I read the first of Dune series 14 years ago, and had no conception of the breathtaking distances that the author would take towards the "last" book of the Dune Chronicles. While it is conceivable that someone with sufficient patience can read Chapterhouse Dune and fully appreciate it with no other Dune Chronicles exposure, it would seem criminal to recommend this book to someone without ensuring they had read the first five beforehand. Or, for something of a treat, read Chapterhouse, and then jump to the first five as "prequels"! I recently did something similar when I read the second and third Dune Chronicle books for the first times in 14 years, having reread the last two books in the last few months: quite an enthralling effect! The hardest part of reading this book was coming to the ending, and feeling selfishly deprived regarding the prospect of finding out What Will Happen Next as a result of the author's death, which in turn came shortly after the death of his wife following a long fight with cancer. Herbert created an astonishing world of breathtakingly evolved characters and contexts to appreciate them in. I have reread this book and others of the series numerous times.
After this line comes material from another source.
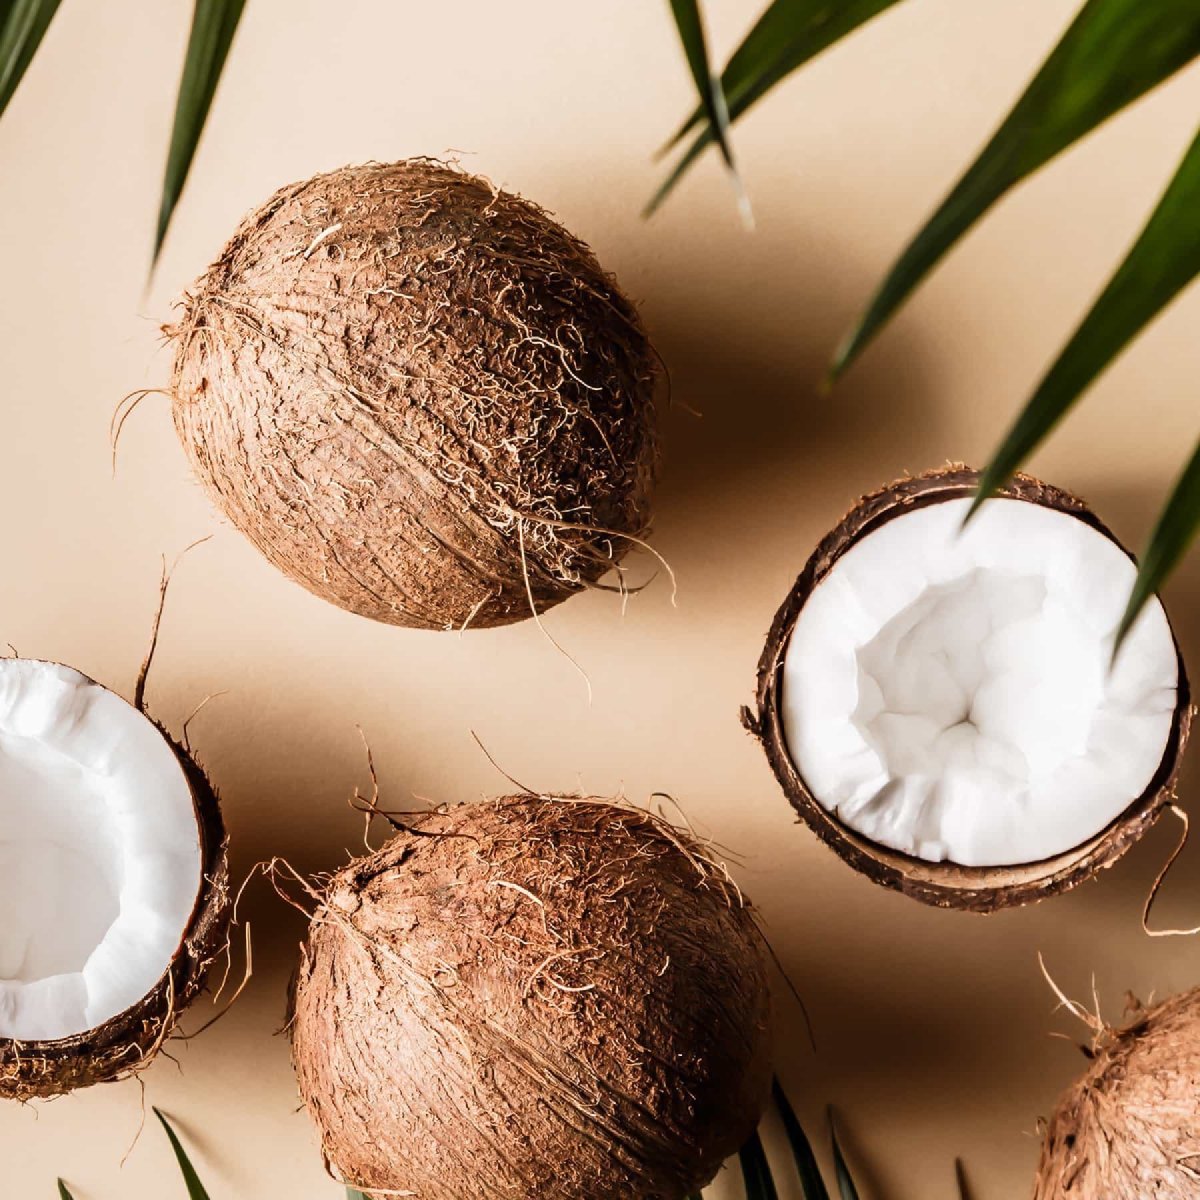 Benefits Of The Coconut Oil

As is the case for meeting interesting characters in real life, it is poignant getting to know these characters only to lose the ability to anticipate being in touch with them later on, to find out how they're doing... The formidable detail and richness of perspectives is such that while reading it I was at times fearful of discovering a gimmick or a cliche to undo the trance worked by the book. This never happened. The publishing of the Dune Prequels is quite exciting in itself, and I hope that somewhere in the late elder Herbert's notes, are some detailed indications of SEQUELS, future Atreides audacities, Bene Gesserit contemplations and plotting, and passionately drawn characters to fall in love with and be fascinated by all over again.